Darkstat 3 is all-new underneath, and doesn't use pthreads at all, emil's working hard on that right now, the link to his site is above. If you have the dev tools installed, try compiling from source (included in the distro), I'd be curious to see if that binary exhibited the same behaviour. We could put it up here, if not.
keep me posted!
;o)
(or
well - i was looking for a traffic monitoring utility and darkstat seems to do the job. is there anyway to reset the sum and zero the traffic data. thanks in advance!
if you remove the darkstat.daylog and darkstat.db files, that should put everything back to zero. turn off darkstat while you do this, of course.
look inside /Library/darkstat/
;o)
(or
ps.. seems like years since I was last here, something feels unfinished, heh. feel free to drop in again if need be, sometimes I need a prod.
Hi cor,
this is so very cool, thank you!
A
for OS X
is sexy
Thanks again,
Tom
a command line 1D10T in Germany
satisfactory
Hello,
Thanks for providing DarkStat.
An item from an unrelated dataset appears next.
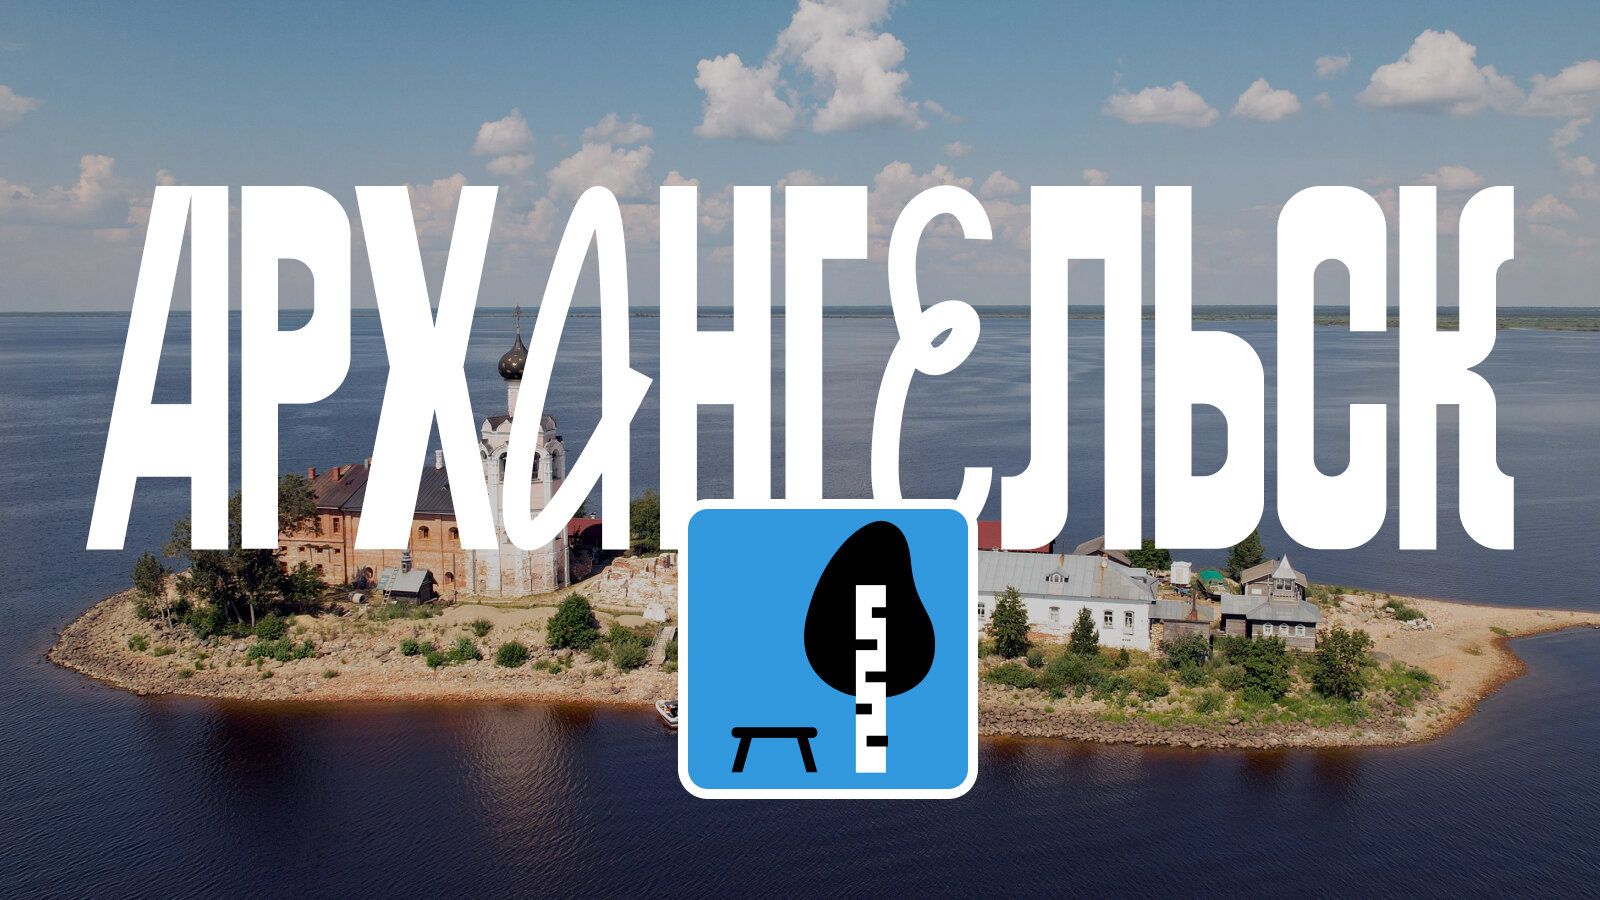 Шары, остров, викинги: что посмотреть по пути в Архангельск

It works great on my PowerMac G5 1.8 GHz DP, but no dice on my PowerBook G4 1.5 GHz. This is odd, because they are basically copies of one another and the Mac OS 10.3 5 data is synchronized daily. When I attempt to open DarkStat via the two browser addresses or by clicking on the link on the web site, I get the dreaded “server cannot be found” error. Anyone have a clue what is happening here?
“Technological change is like an axe in the hands of a pathological criminal.” (Albert Einstein, 1941),
Dr. Z.
yo!
No plans for darkstat3 for OS X yet. coding time is zero just now, but hopefully sometime in the near future. I haven't spoken to Emil for a while, but I'll get the source soon and see how it's looking on OS X.
Dr, sounds weird. Maybe a firewall? Does this happen on a local browser (same machine) ? Is darkstat actually running? Feel free to mail me more data which I will probably deal with in the near future.
;o)
(or
Getting this error when installing darkstat via fink 0.22.2 (distribution 0.7.1):
Filehandle STDIN reopened as STDOUT only for output at /sw/lib/perl5/Debconf/FrontEnd/Dialog.pm line 139.
This is after replying NO to whether I want darkstat to startup automatically at boot.